Boy shrugged. “There are … rumors. There always were. You can’t ignore his race. Shall we go back?”
He held out his arm. Jane rose. She took his arm, which made her angry with herself. They turned back toward the path.
One hundred yards in complete silence. Boy seemed unconcerned. He was back inside himself, protected by his uniform: male, mysterious, possibly anxious, possibly morose.
“Was it here?”
He spoke for the first time as they moved toward one of the park gates. The sudden question startled Jane.
“Was what here?”
“The accident to Constance’s dog. Floss. You remember. Was it here?”
Jane looked about her. She gestured behind them, toward the sand track.
“Yes. Just over there. It was very quick.”
“It always is.”
Boy turned away. He began to walk again. His cap brim shaded his face and his eyes.
“Why do you ask, Boy?”
“Oh, I don’t know.” Boy jiggled at his ear. “I gave her the dog. She wrote to me about it, you know. And then she was ill…. No reason—I’d just like to picture it, that’s all.”
Boy was courageous enough in war, but he was afraid of his father; he told him of his broken engagement, but he took the coward’s way out. He delayed the interview to the following morning. He timed it so that once the news was given, he would have to leave for the station and his train to the Channel port almost immediately. No time for rage. He faced his father in his father’s study. Denton sat by a fire, with a rug across his knees. He seemed displeased to be interrupted; he was writing to generals and brigadiers.

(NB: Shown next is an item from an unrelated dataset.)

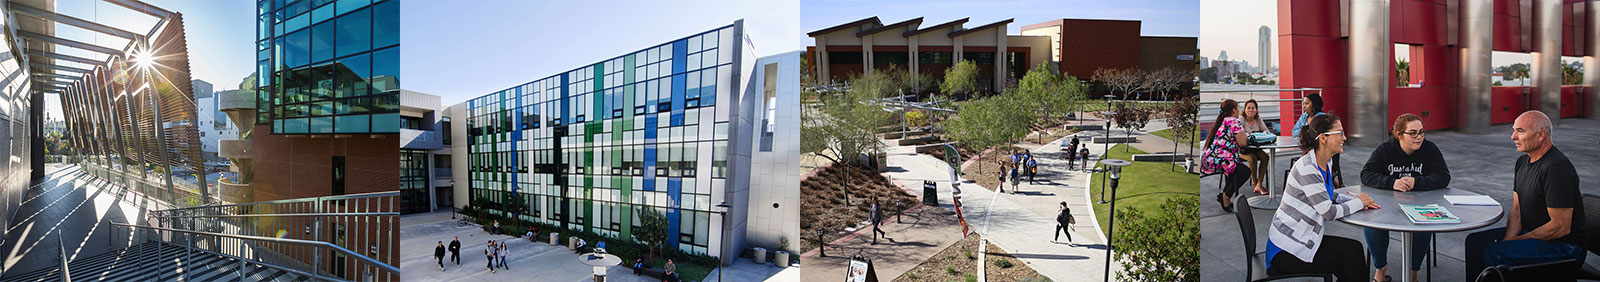 City, Mesa, Miramar, and Continuing Education campuses
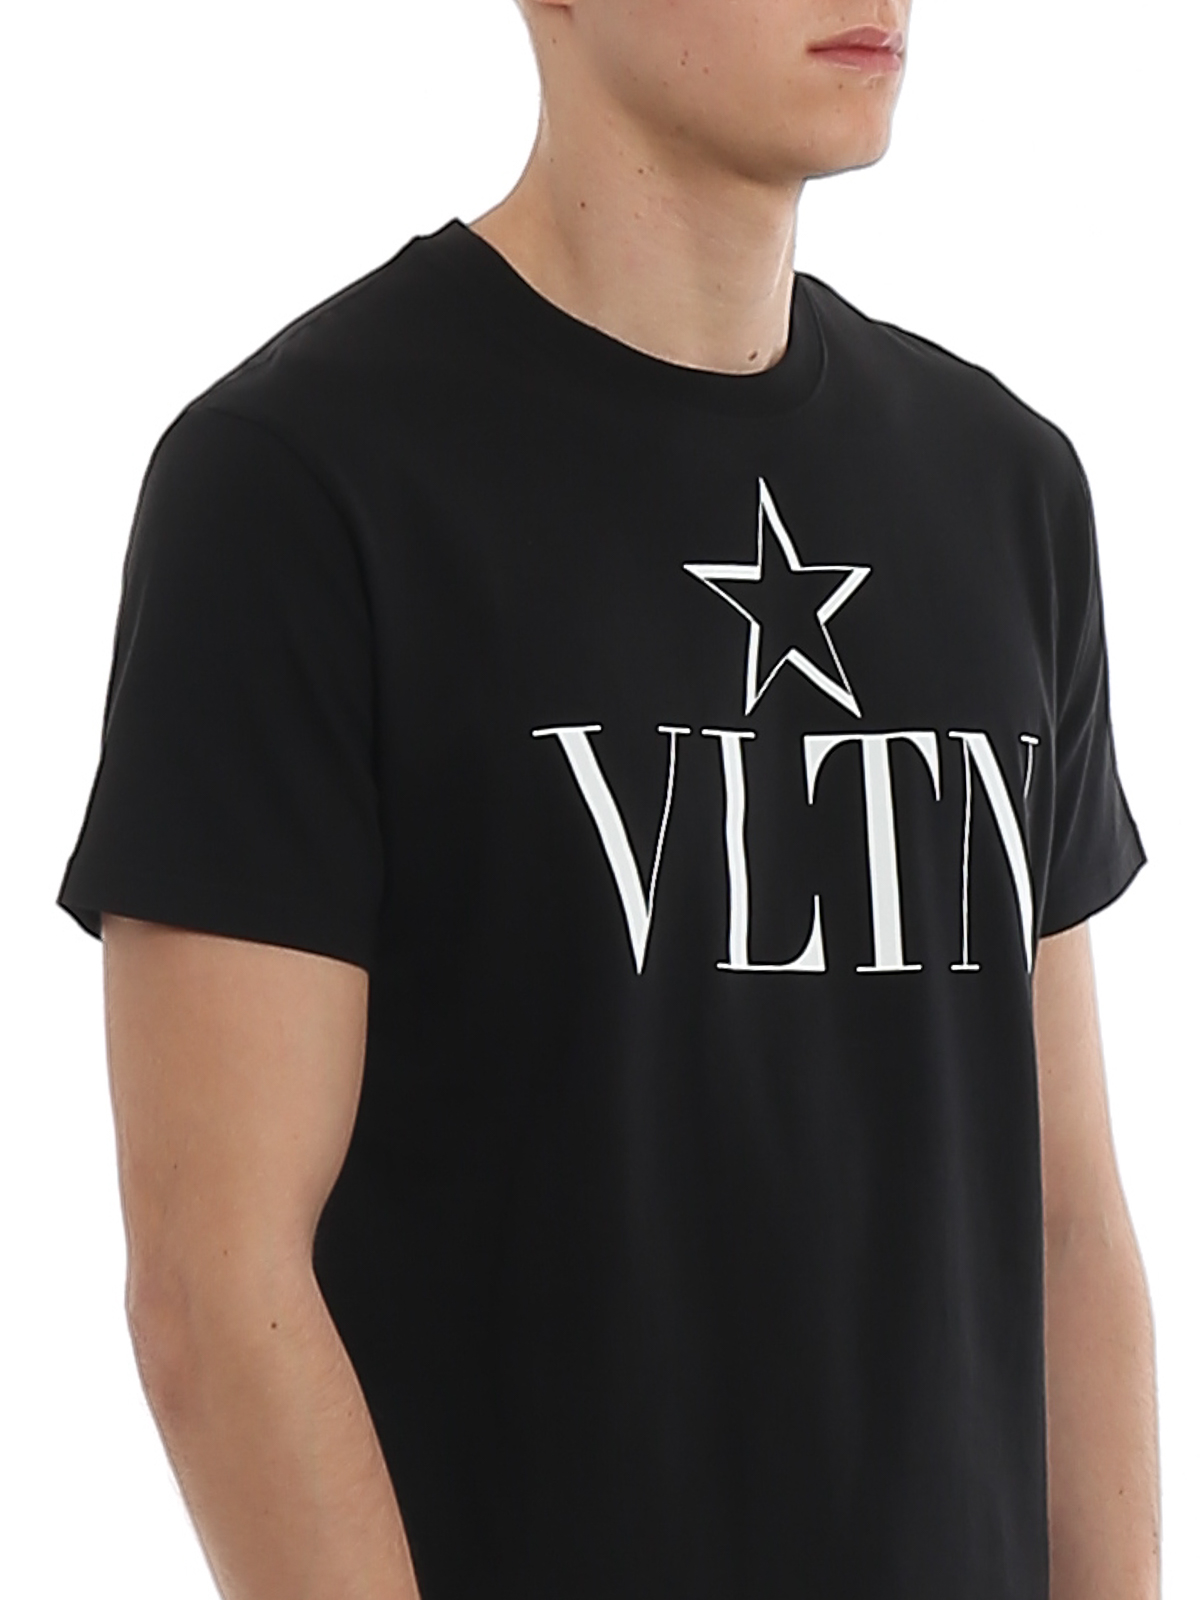 Tシャツ Valentino - Tシャツ - Vltn Star - TV3MG05P6380NI | iKRIX.com

These men—to whom Denton now wrote every day—were all old. They were history! They had served in battles now remote enough to be in schoolbooks: This one had fought in the Crimea; that one had lost an arm at Sebastopol; yet another had survived the siege of Lucknow and been a famous scourge of the Northwestern Frontier. These men had been Denton’s father’s contemporaries; he remembered them in all the splendor of their uniforms, when he was a small boy and they were the British Army’s Young Turks. To Denton they were ageless. He wrote to them because he believed they still had power and influence. He wrote to them because he was sure one of them would make inquiries (at the highest level), write back, and reassure: There had been a mistake. There had been a typical army cock-up. They had sent the wrong telegram to the wrong family about the wrong man. It was all an error, and his son was still alive.
Many of these old men were dead; of those still alive, some replied. They wrote courteous, considerate letters from their retirement in Cheltenham or the English south coast. They regretted they could not help. Denton was not deterred. He crossed out their names and moved on. He was already exhausting generals. The brigadiers, Boy knew, were the first stage of his defeat.